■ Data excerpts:
[Start of section]

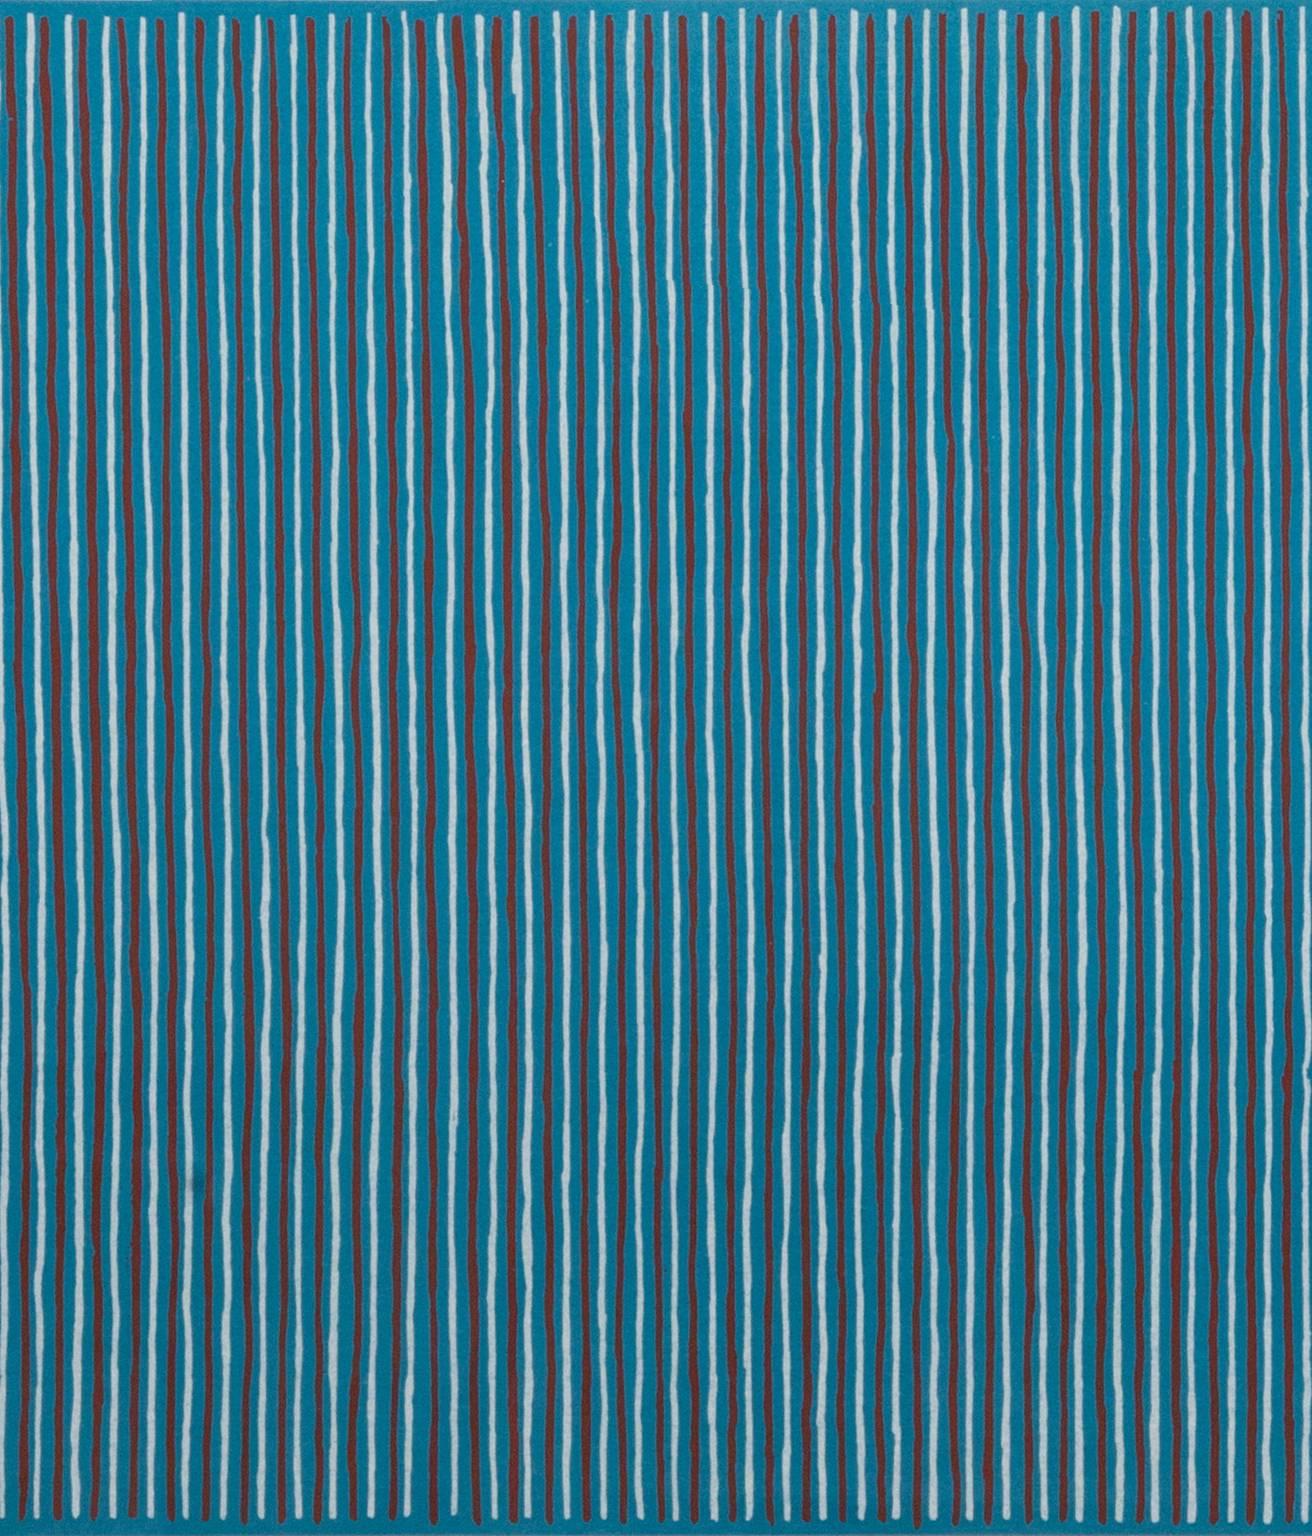 We are pleased to be offering another fantastic work by Gene Davis, whom we've nicknamed King of Stripes.

Gene Davis (1920-1985) is an important artist associated with the Color Field movement and the Washington Color School. 

He is noted for
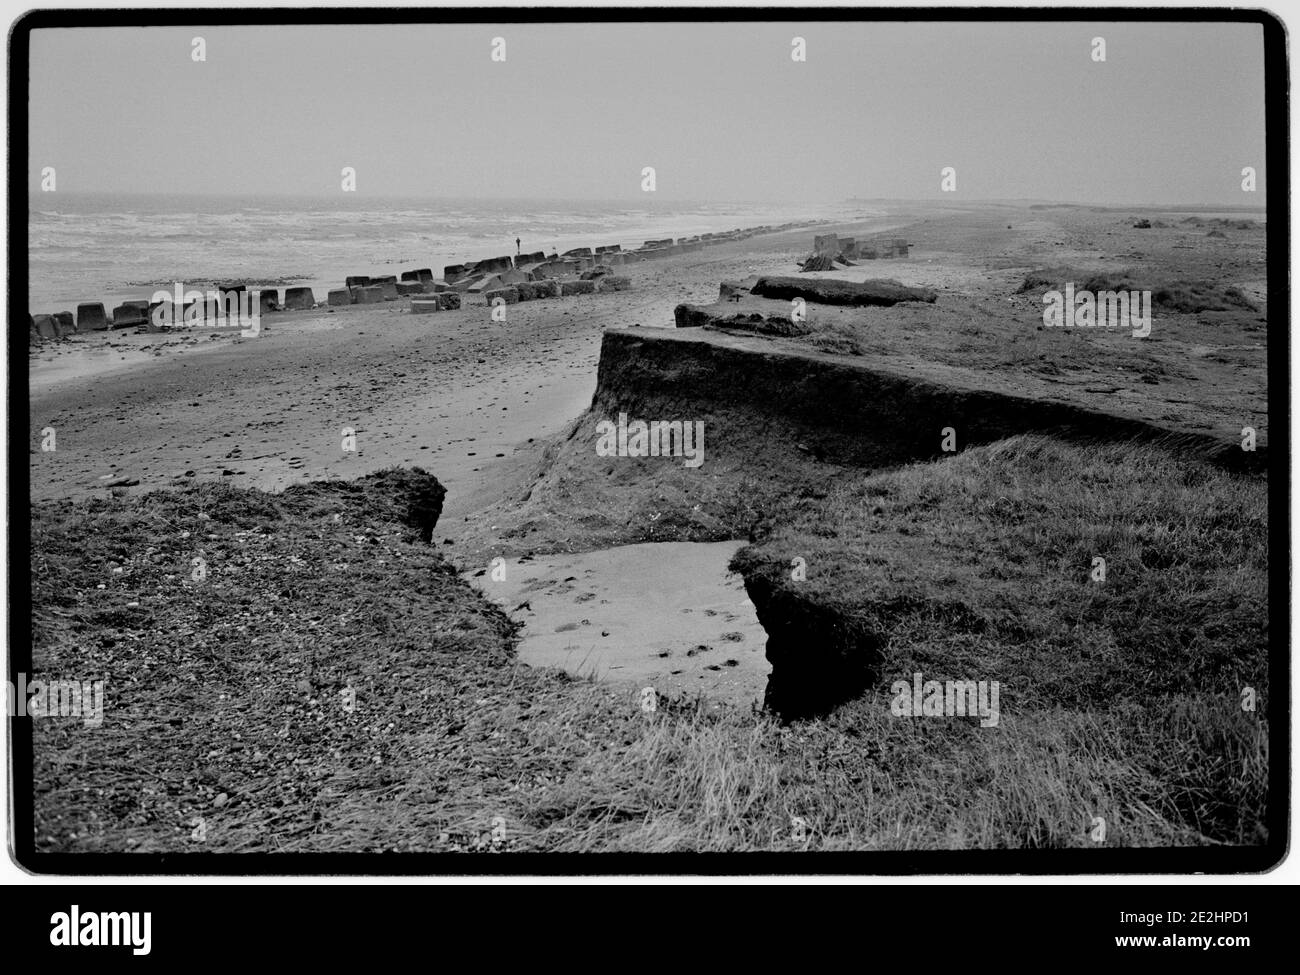 Coastal Erosion Humberside England UK 1994 The disappearing coastline between Skipsea and Easington on Humberside. which is being washed away at 1.7 metres a year since records began in the mid 1950’s. Stock Photo
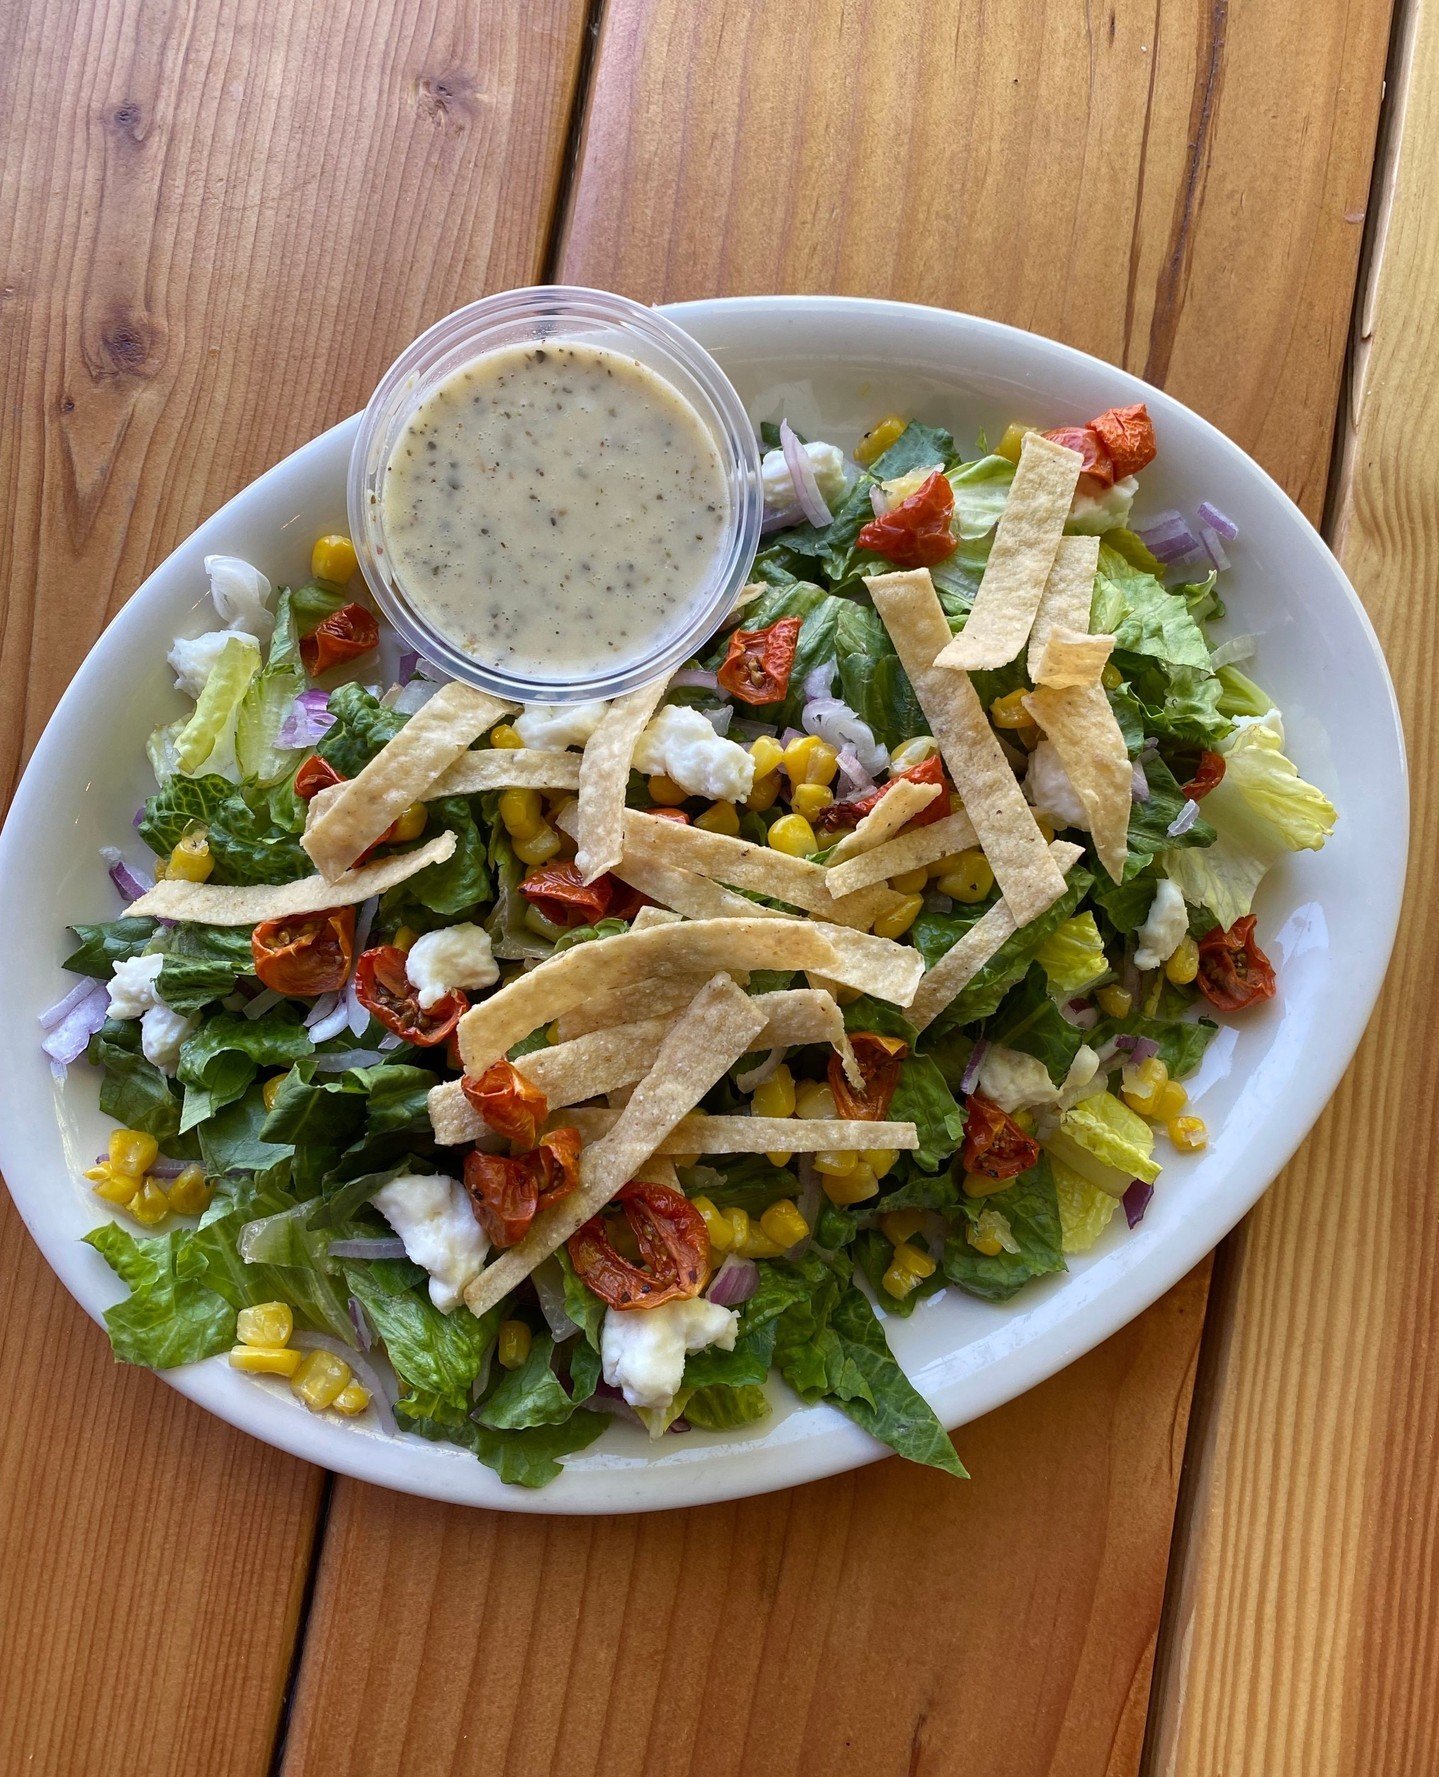 𝗡𝗲𝘄 𝗼𝗻 𝘁𝗵𝗲 𝗠𝗲𝗻𝘂: 𝗦𝗼𝘂𝘁𝗵𝘄𝗲𝘀𝘁 𝗦𝗮𝗹𝗮𝗱⁠
A light &amp; fresh seasonal salad fit for warmer weather! Crunchy romaine topped with roasted corn, dried tomatoes, chopped red onion, and creamy queso fresco. Garnished with fried tortilla
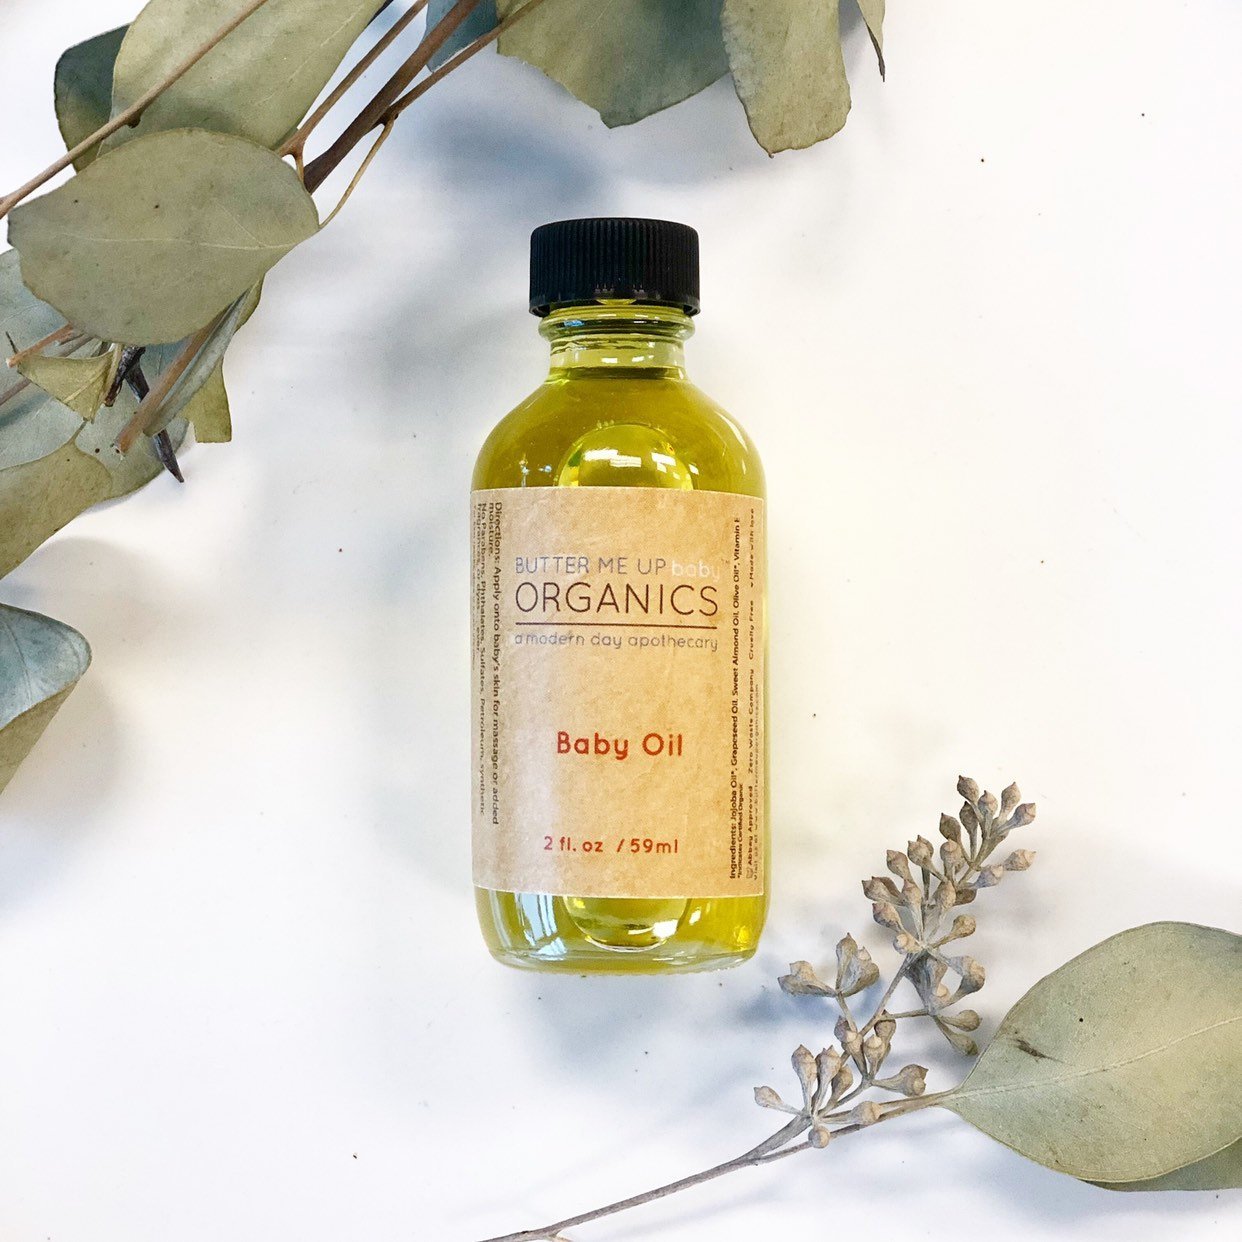 Organic Gentle Baby Oil - Roses & Chains | Fashionable Clothing, Shoes, Accessories, & More
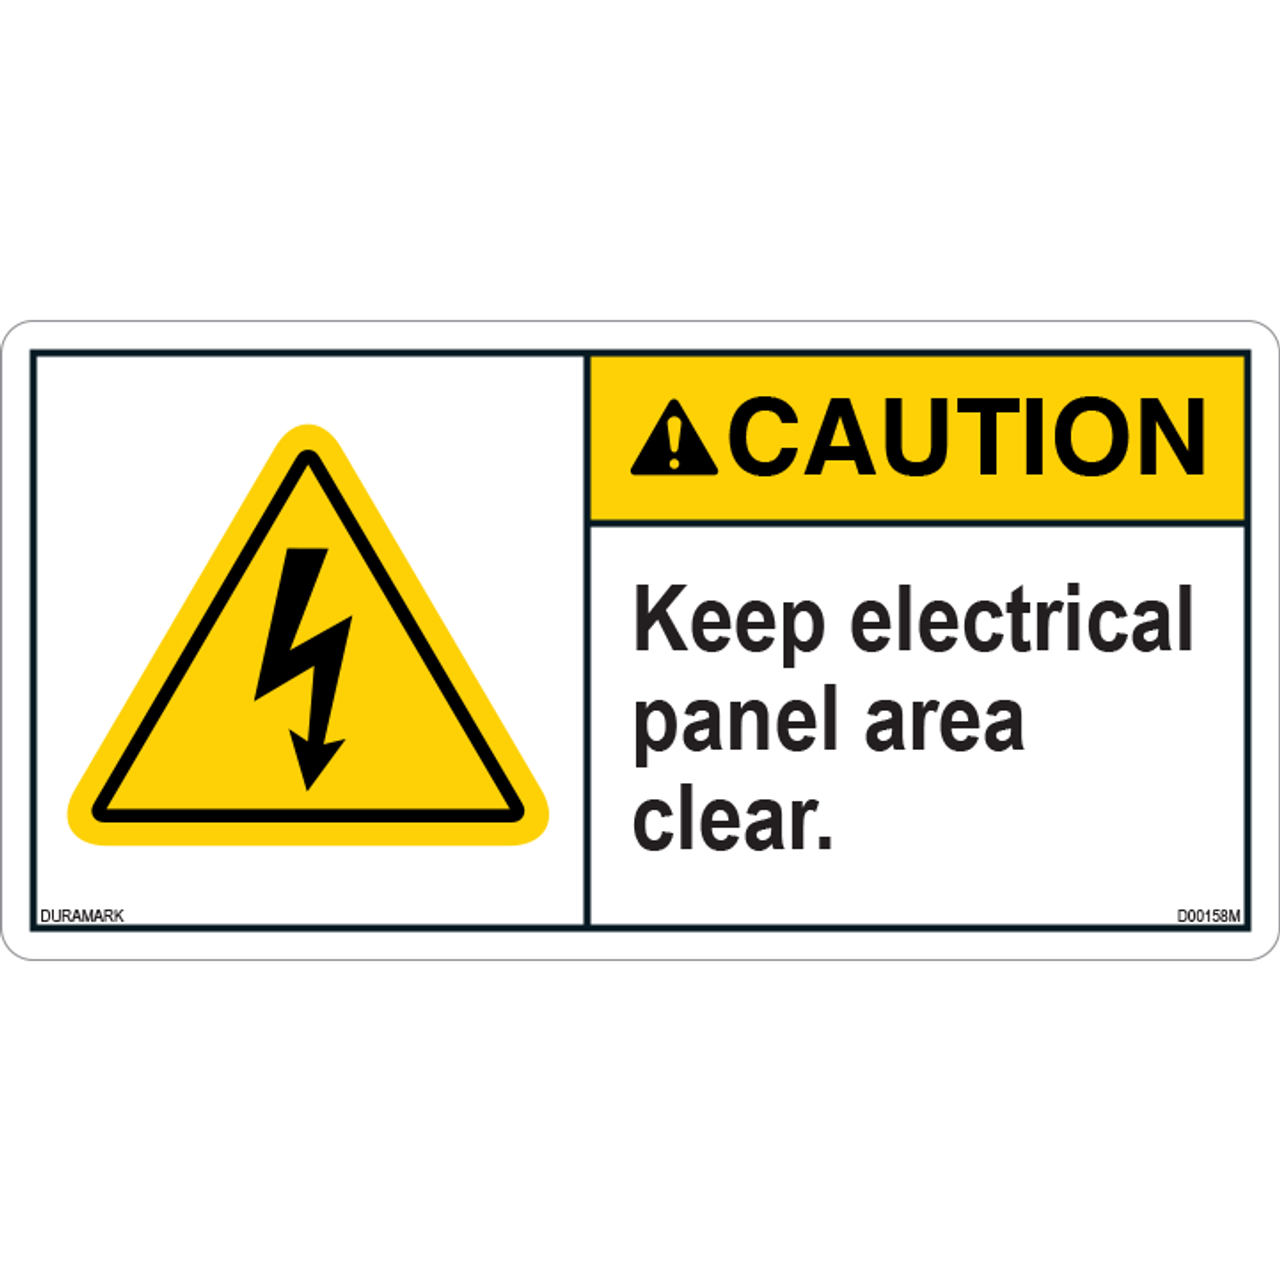 ANSI Safety Label - Caution - Electrical Safety - Keep Panel Clear

[End of section]

■ EXERCISE: Omit the pictures. Print, word for word, the lines from the beginning of the entries above through the line that holds "A light &amp;".

■ SOLVED EXERCISE:
 We are pleased to be offering another fantastic work by Gene Davis, whom we've nicknamed King of Stripes.

Gene Davis (1920-1985) is an important artist associated with the Color Field movement and the Washington Color School. 

He is noted for
 Coastal Erosion Humberside England UK 1994 The disappearing coastline between Skipsea and Easington on Humberside. which is being washed away at 1.7 metres a year since records began in the mid 1950’s. Stock Photo
 𝗡𝗲𝘄 𝗼𝗻 𝘁𝗵𝗲 𝗠𝗲𝗻𝘂: 𝗦𝗼𝘂𝘁𝗵𝘄𝗲𝘀𝘁 𝗦𝗮𝗹𝗮𝗱⁠
A light &amp; fresh seasonal salad fit for warmer weather! Crunchy romaine topped with roasted corn, dried tomatoes, chopped red onion, and creamy queso fresco. Garnished with fried tortilla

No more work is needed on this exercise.